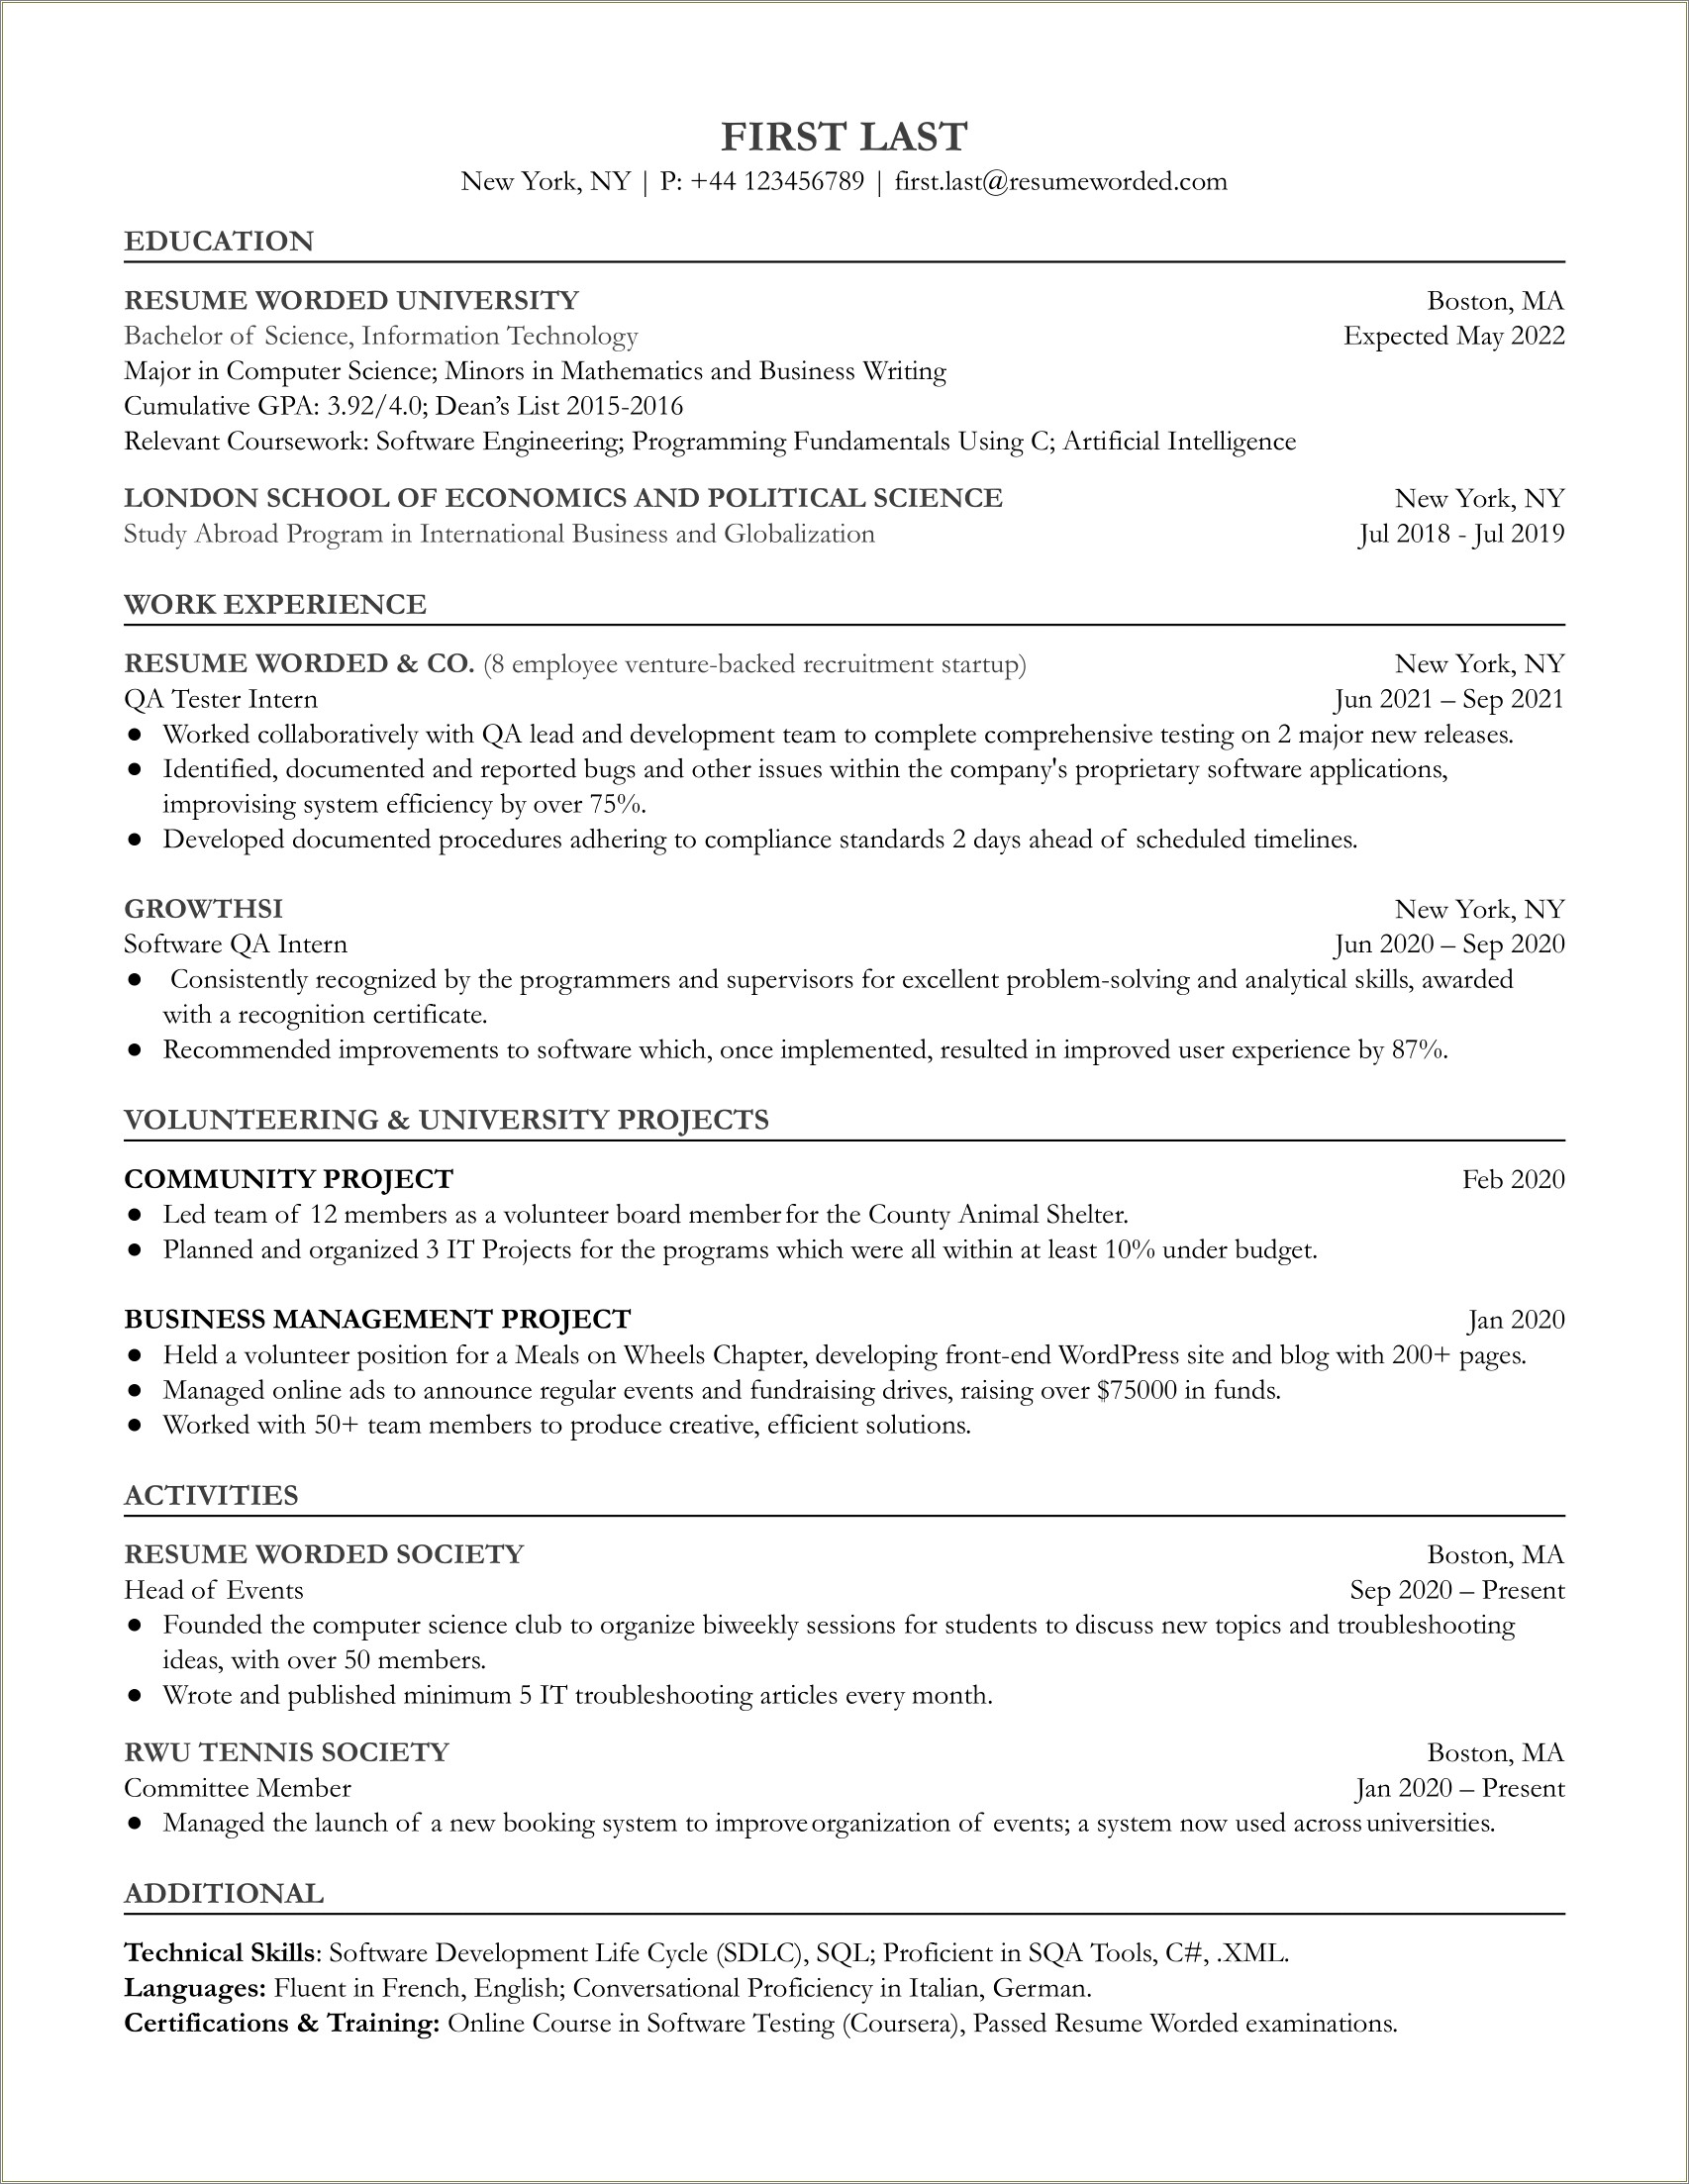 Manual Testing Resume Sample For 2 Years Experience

==

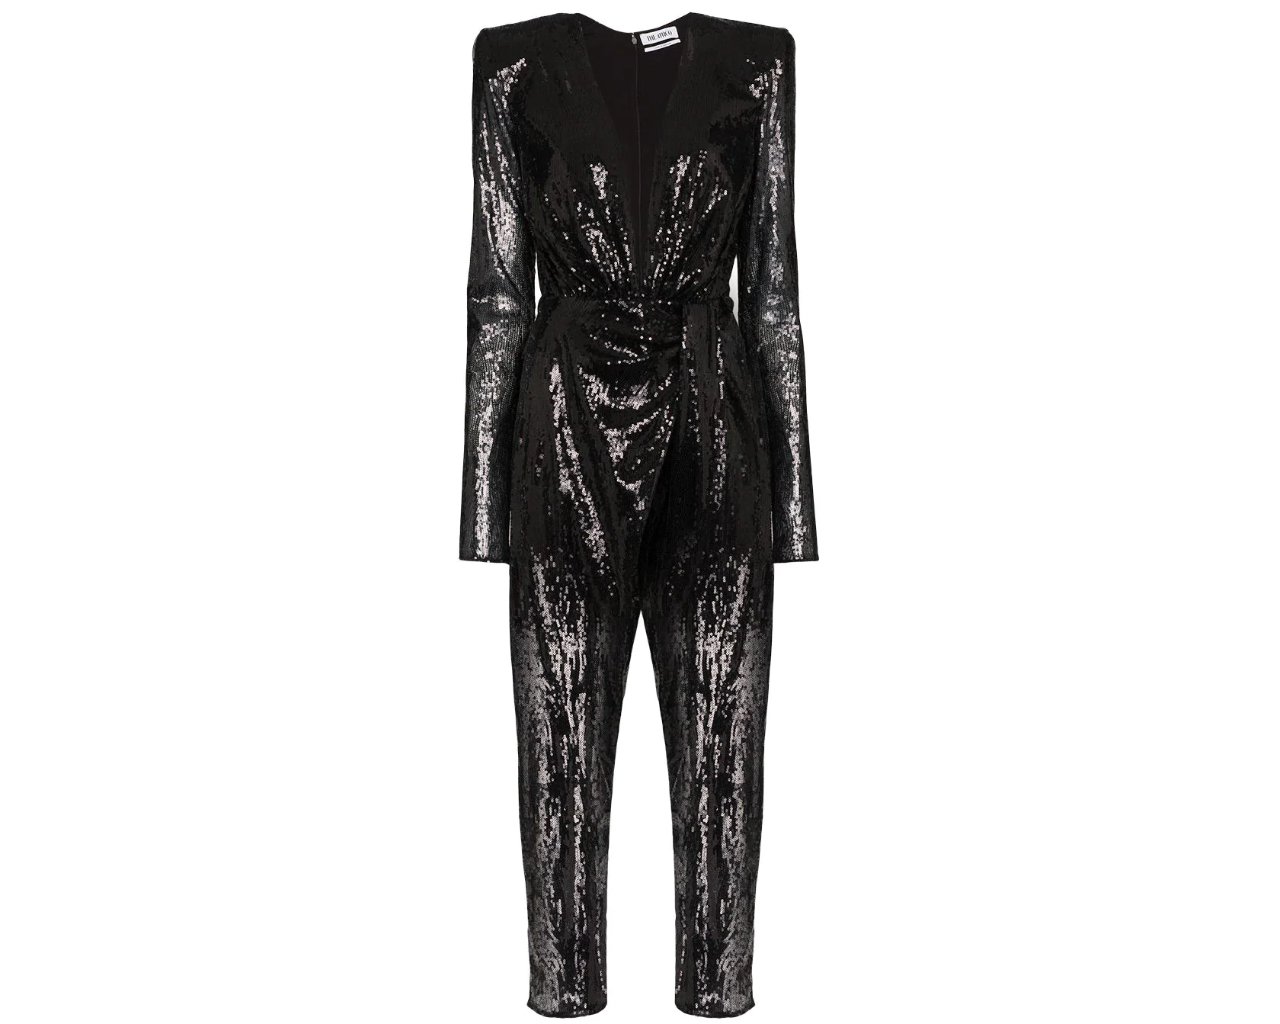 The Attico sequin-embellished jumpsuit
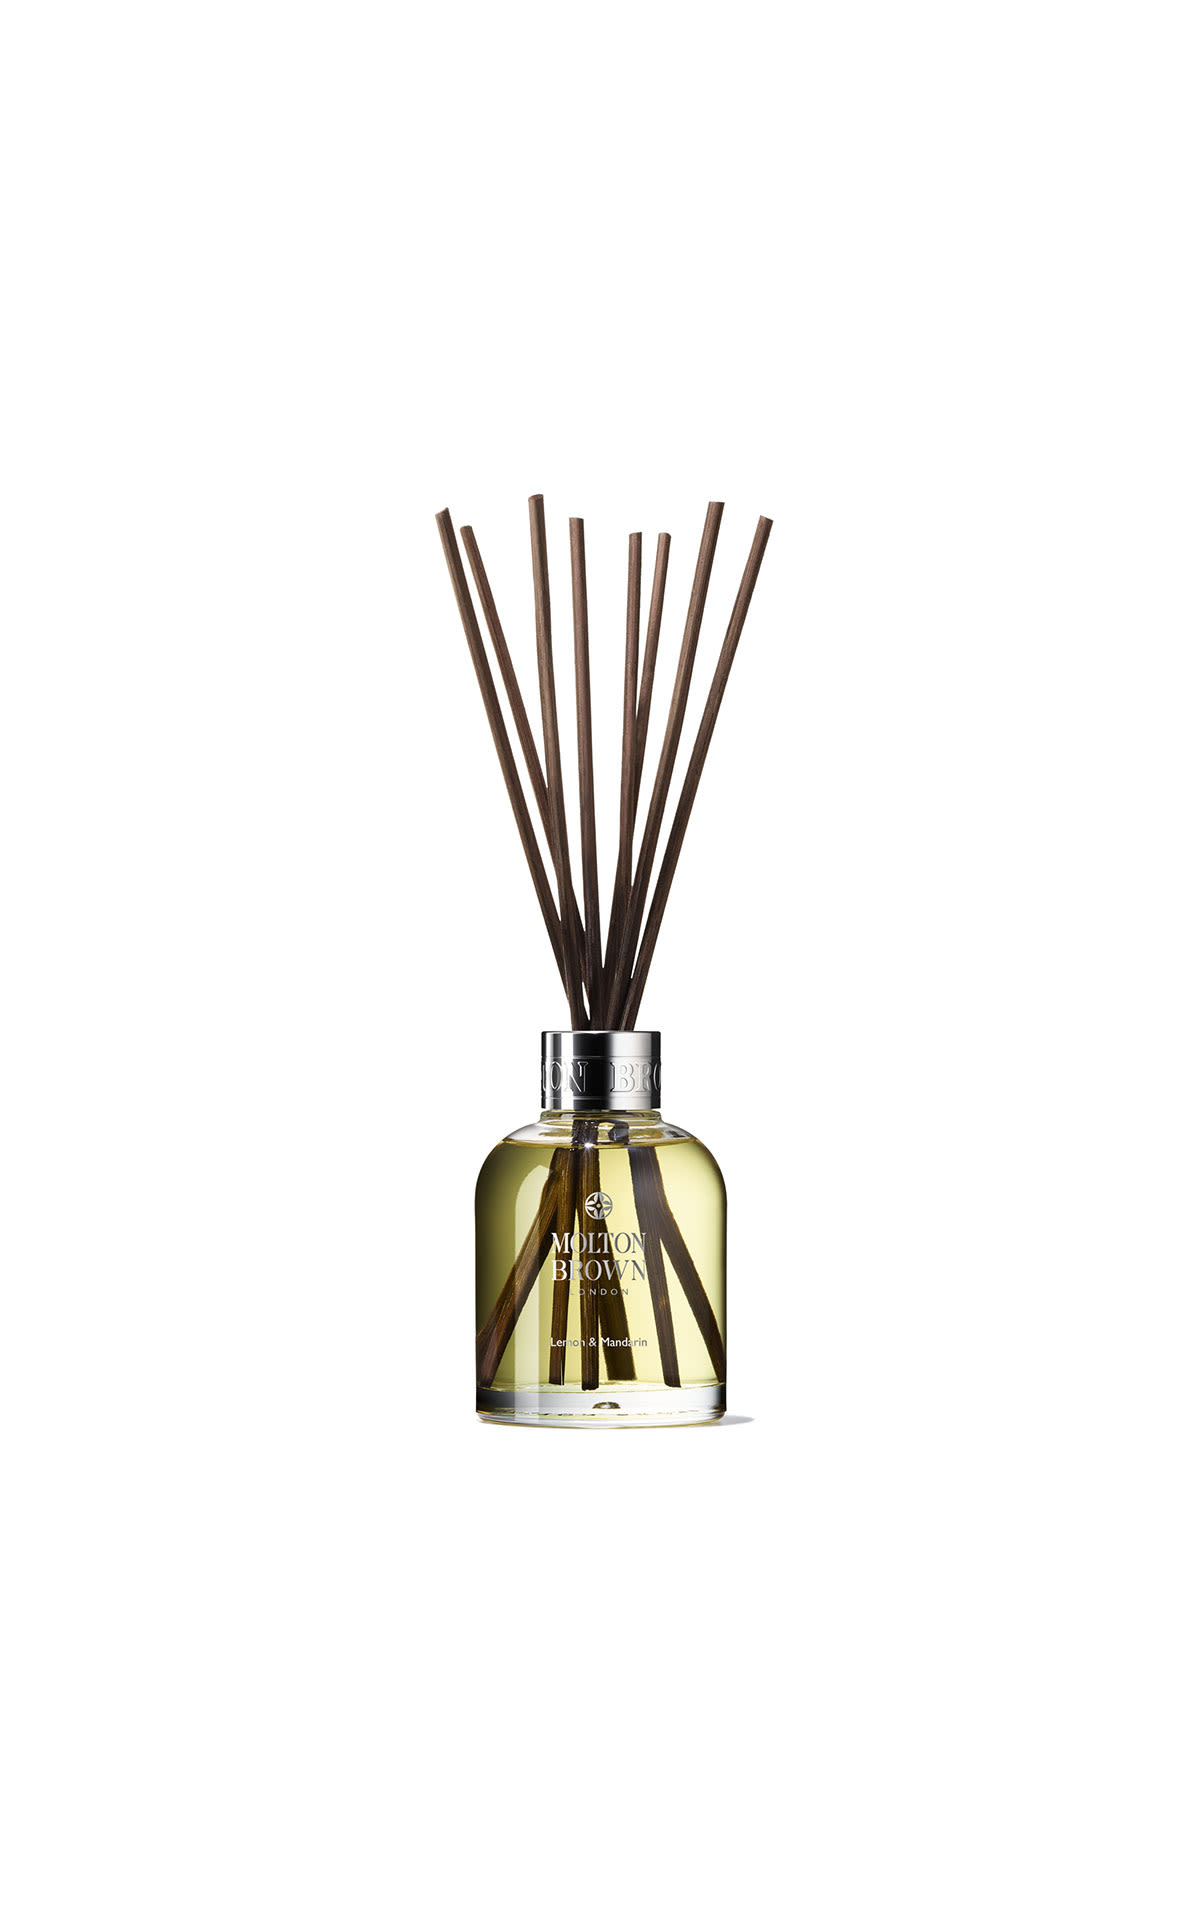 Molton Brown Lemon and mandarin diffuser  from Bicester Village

* * *

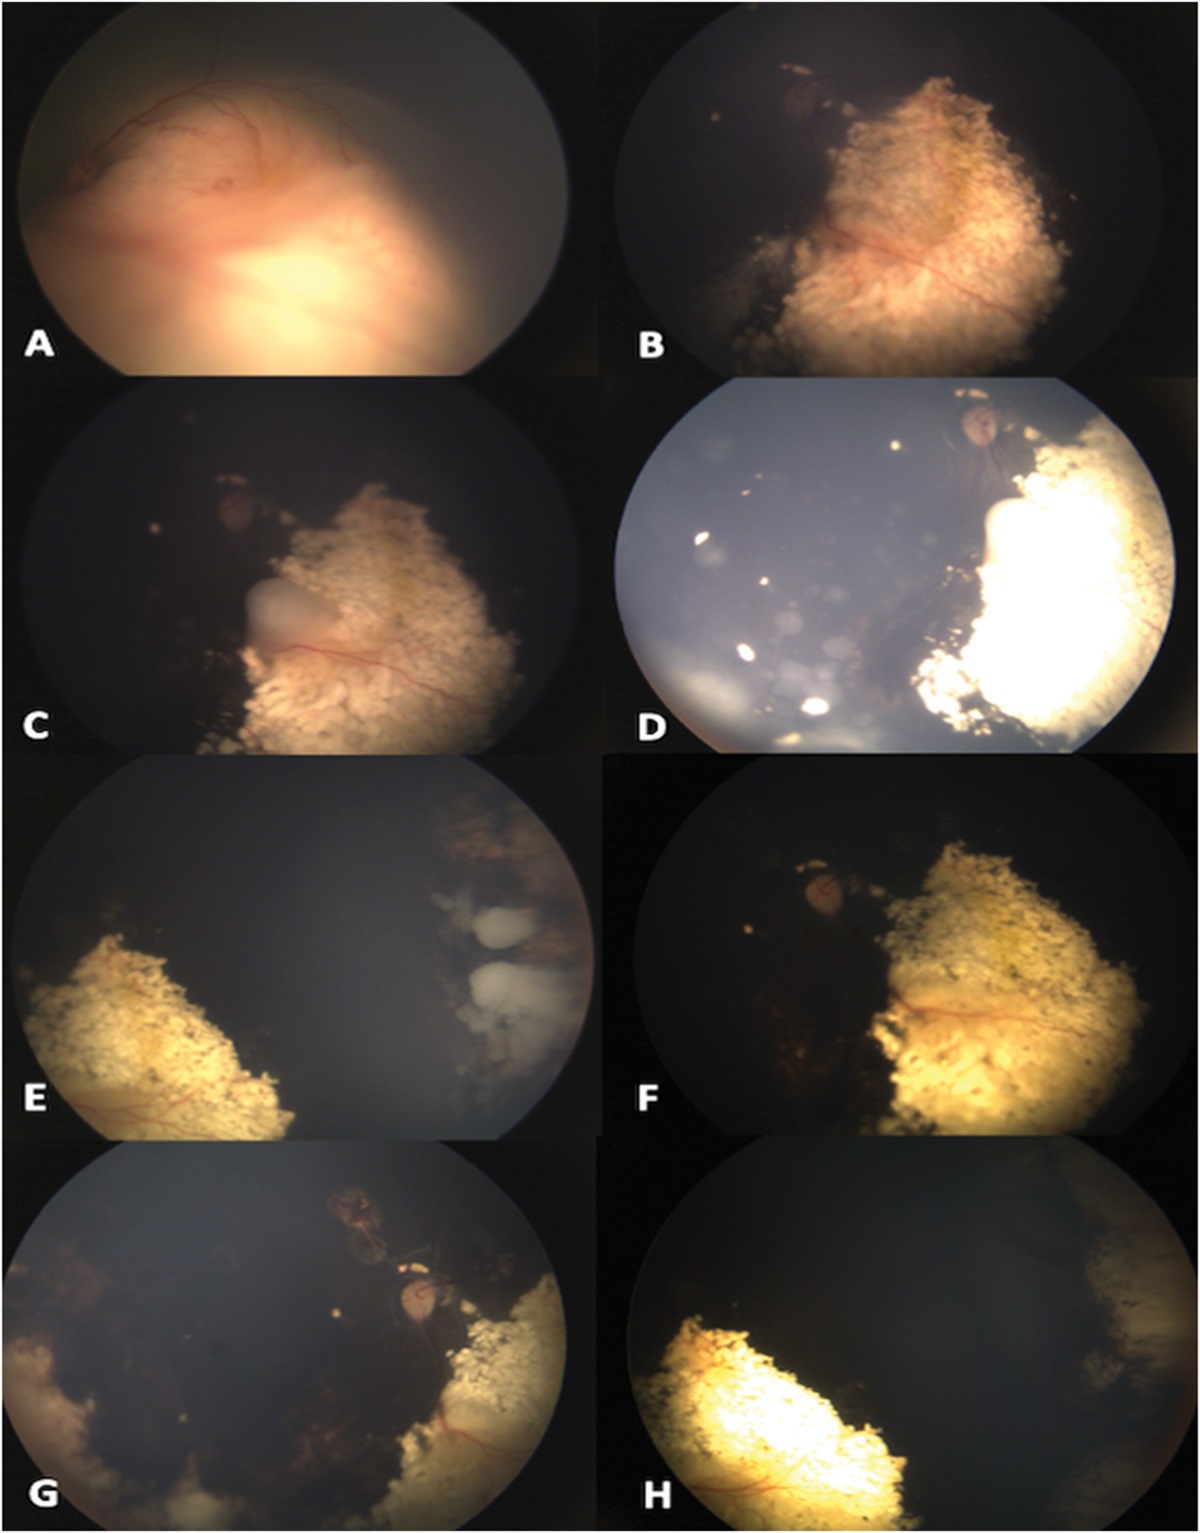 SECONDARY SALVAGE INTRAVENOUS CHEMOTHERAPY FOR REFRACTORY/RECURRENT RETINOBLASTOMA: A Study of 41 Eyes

WHAT TO WORK ON: Using the records above, return verbatim only the part that opens with the line containing "The Attico sequin-embellished jumpsuit" and closes with the line containing "Molton Brown Lemon"; pictures stay out.

OUTPUT BELOW:
 The Attico sequin-embellished jumpsuit
 Molton Brown Lemon and mandarin diffuser  from Bicester Village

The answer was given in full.